It’s twelve noon and a cool draft is in the room. It’s nice being able to sit in front of my computer, listening to the sounds of life that are still about – the last train roaring back to wherever it came from, the occasional motorcycle and the buzz of the refrigerator. There I was, randomly surfing and wondering whether mr brown (no I’m not going to hyperlink him, that’s what google is for) is the only popular serious blogger we have in Singapore. I can think of many popular bloggers in Singapore, who blogs for a living but they’re entertainers and I find it hard to believe that they strike a deep chord in other people. Entertainment is entertainment ultimately and there may be substance to it, but that is rare.
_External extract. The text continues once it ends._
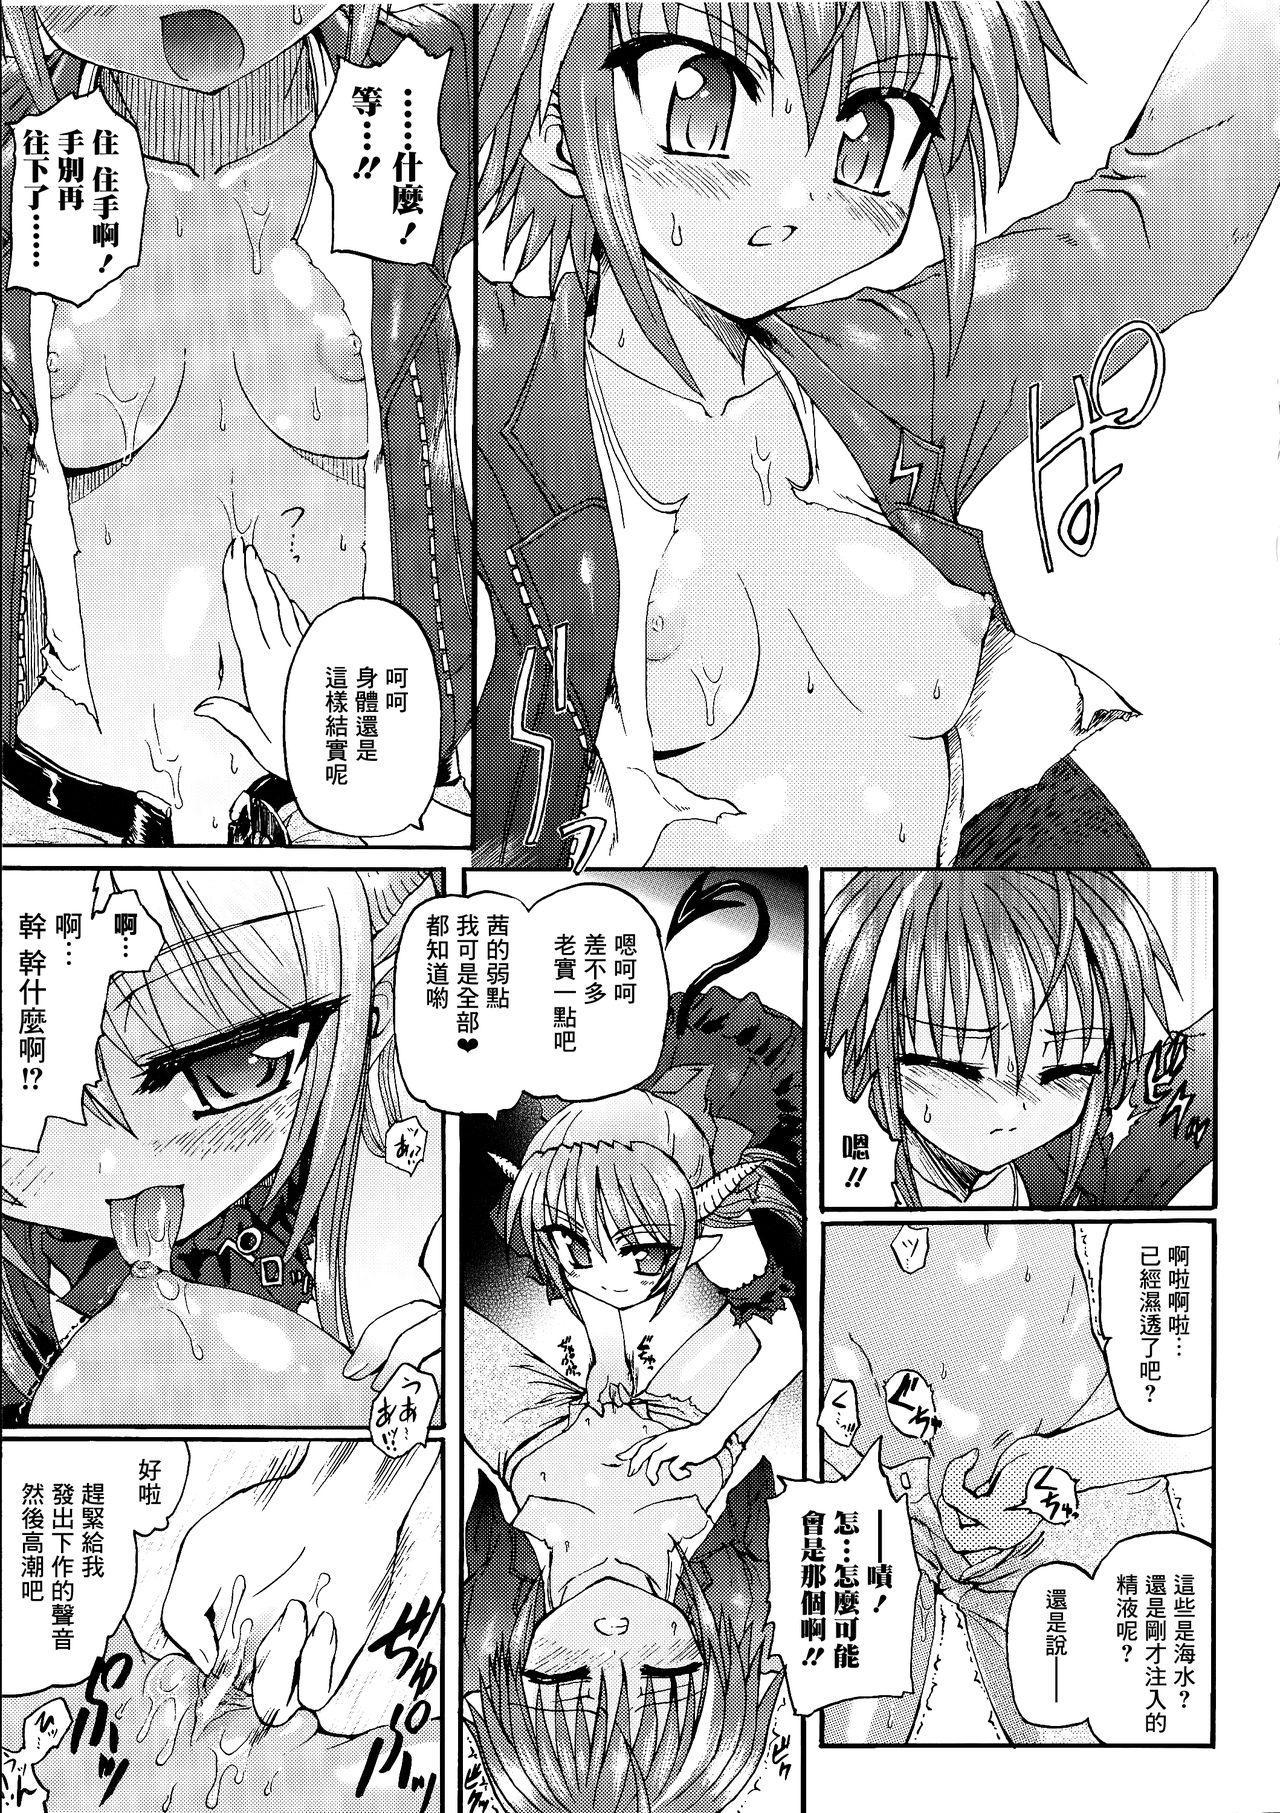 Ma ga Ochiru Yoru Demonic Imitator CH.1-7 71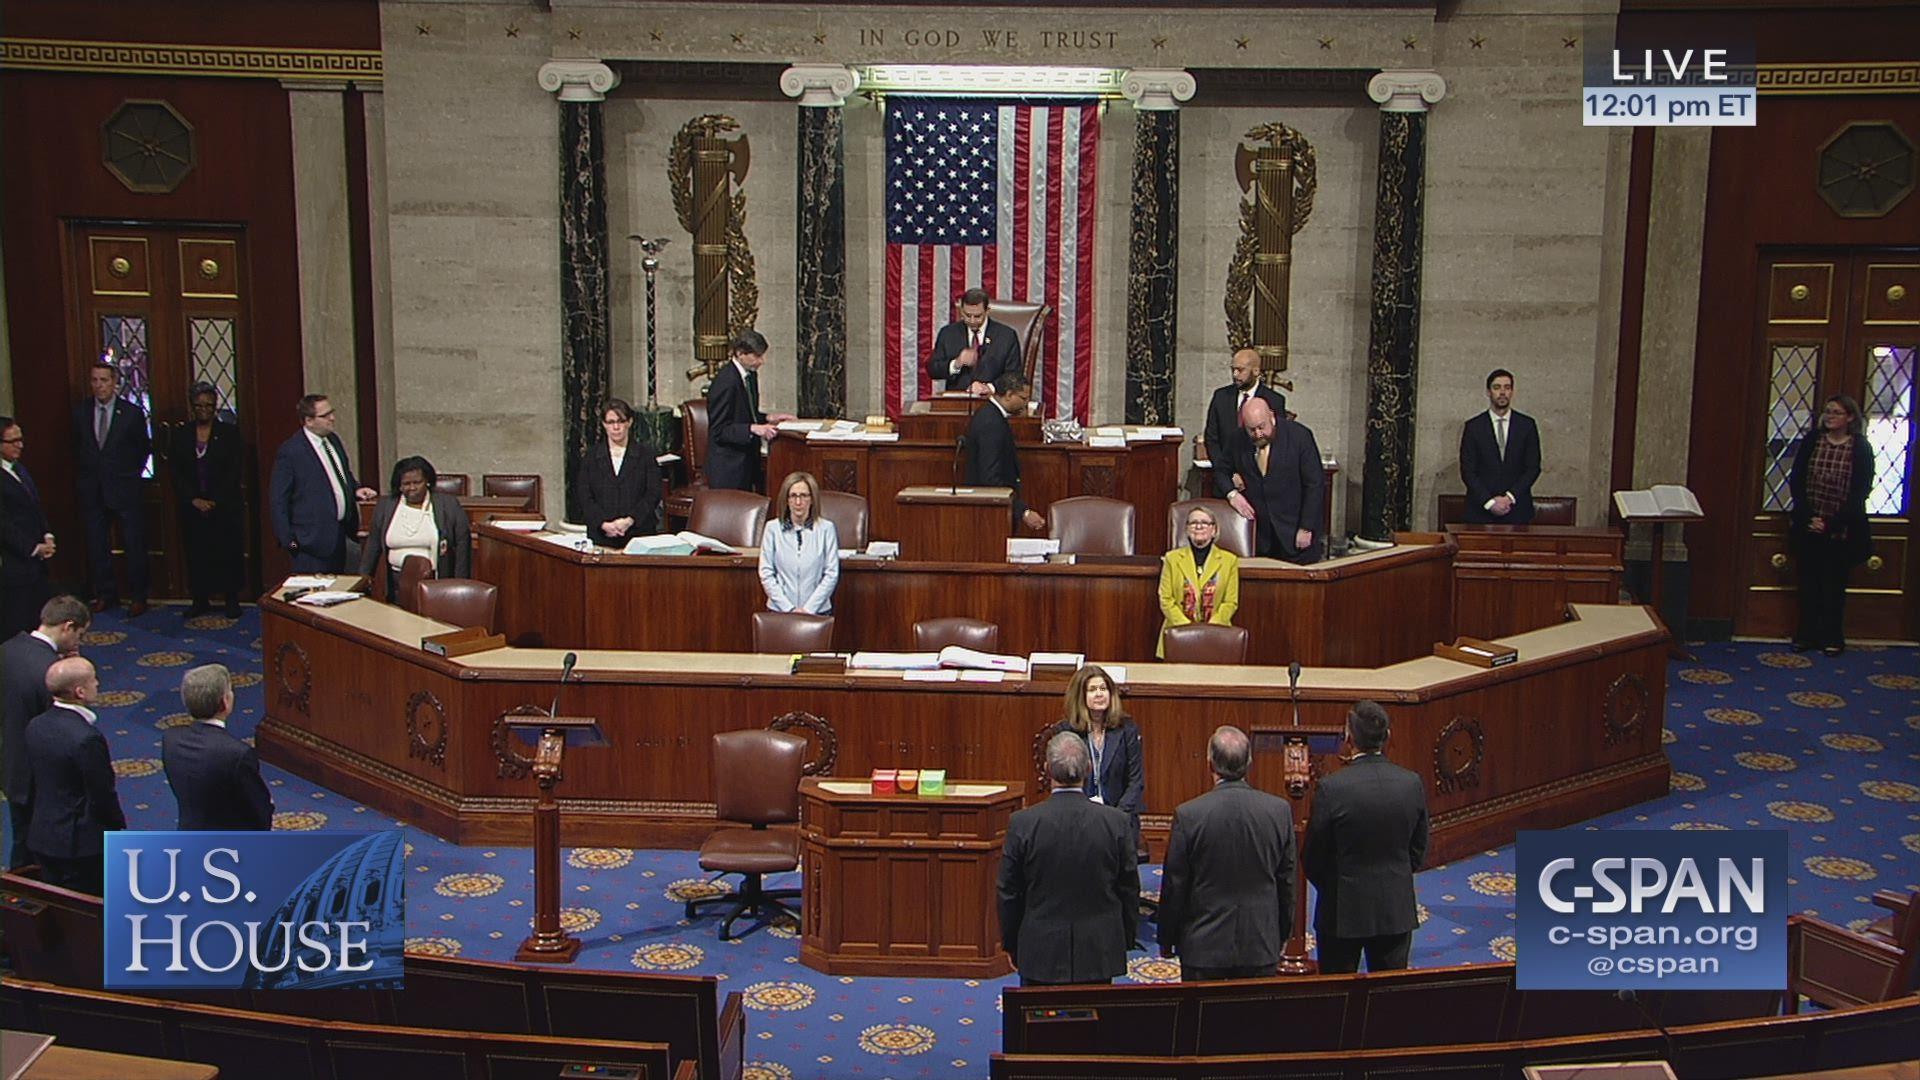 6fae54438 Watch: U.S. House Debates Resolution Blocking National Emergency Declaration

Which makes me wonder why we haven’t got more serious bloggers to date? The region’s blogging scene seems quite active to me, including Malaysia and especially Korea where the approval or rather disapproval of the internet community is enough to make their artists commit suicide. Maybe Singaporeans are just lost in Facebook or Twitter and blogging actual paragraphs and detailing events and incidents is too much effort. But I find twittering slightly stupid. What is the point of me telling the world what I’m doing at 2.37pm in the afternoon? (1) who is interested in that sort of triviality? (2) A series of actions taken separately makes no sense in itself (3) I can think of better things to do with my time. But maybe I might be wrong and it’s like the haiku version of a poem, reduce it to 17 syllables and poetry will come out of it and blossom like a pretty flower in spring – simple and natural.

Hmm, somehow I doubt it.

Not that I mind Facebook. I think it’s a great tool to get hooked up to the rest of the 180 friends that I have and superpoke each other till kingdom come but sometimes, the idea of it eludes me. I’d rather spend time with a good friend or two then waste all that social energy on something that might or might not be able to reach another person. Surely we all have a limited amount of social energy, and once expended it will surely take time to be replenished. We are all disembodied commentators of uploaded photos with a profile picture. But hey, I think it’s convenient, fun and useful to amalgamate photos and commenting on them. It’s just that once the whole world started doing it I was a little perturbed. Once everyone gets on the bandwagon, it becomes the norm without question. And everytime when facebook tells me that I’d be granting access to the rest of my information once I clicked on an application, I would rather not have the application. Eventually, we all accepted it as the norm, regardless of whether they are your colleagues (or even your boss!). And so we surrender all our personal infomation, good thing I have not updated my records and details for the longest time.

On an altogether separate final note, I hope the economy will bounce back on its own two feet and I’ll stop feeling guilty for shopping.